I got off at Târgu Mureș. Immediately I walked towards
the train station, only to discover that by means of railway transport, I would
not reach Sighișoara today!
The only solution was to walk back for about twenty
minutes to the place where I got off the car! From there I continued on a large
street toward the margin of the city. The street was very long indeed!
I entered a food store to buy something to drink and
asked the shop assistant how to get to the city margin as quickly as possible.
Her answer was very simple: “Take a bus.”
“Wow that is a good idea! Where is the nearest bus
station?” I asked.
“In front of the shop, just across the street” she
replied.
“Thank you!” I answered and waved good bye.
I got there immediately. There I asked a man which
number of bus I should take. The men replied that he goes in the same direction
and told me that he would tell me where to get off.
On the next station I waited for another bus to Sighișoara,
which arrived at about 8:15 pm. One hour and fifteen minutes later I got off
the bus in Sighișoara, where I had 45 minutes to have a
dinner in a restaurant and to buy some drinks and food for the long journey
home.
At 22:20 I embarked on a train to Budapest and my Ceahlău
adventure was suddenly over. I always ask myself: “Why these adventures end so
abruptly and what am I doing in the train?” “Why am I returning so early after
I descended from the mountain?” The answer was that these adventures are an escape
from everyday life and I don’t have more time available to stay there longer.
Simply from time to time I need to recharge my personal batteries in the
simplified world of the mountain world which touches my soul.
Recharging my personal batteries in Cehlau in 2012.
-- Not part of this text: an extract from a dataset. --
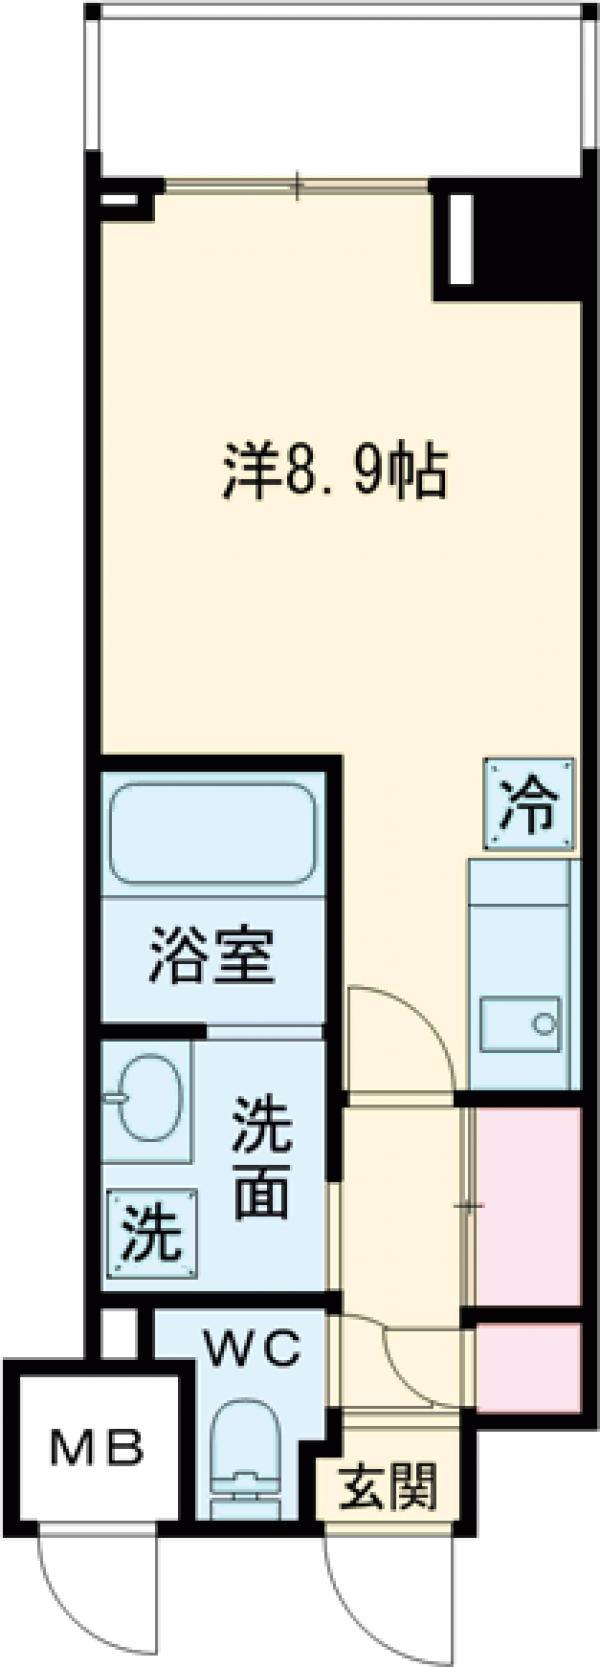 ART APARTMENT IN TOKYO NORTH・206号室の間取り

Nevertheless, six days later I was headed towards
Romania again!
My second trip to the Ceahlău Mountain ended and I
promised myself that I will return there in the future. Each trip was
different. The first one was easy the second one was difficult. Maybe on my
third excursion I will find a balance between easy and difficult trip. I will
plan it for more days, because the beauty of the massif is simply unsurpassable
in this part of the Carpathian Mountains. In my post from 2012 I was talking
about expressing my love for outdoors. All my previous and later journeys to
the mountains are expression of this love!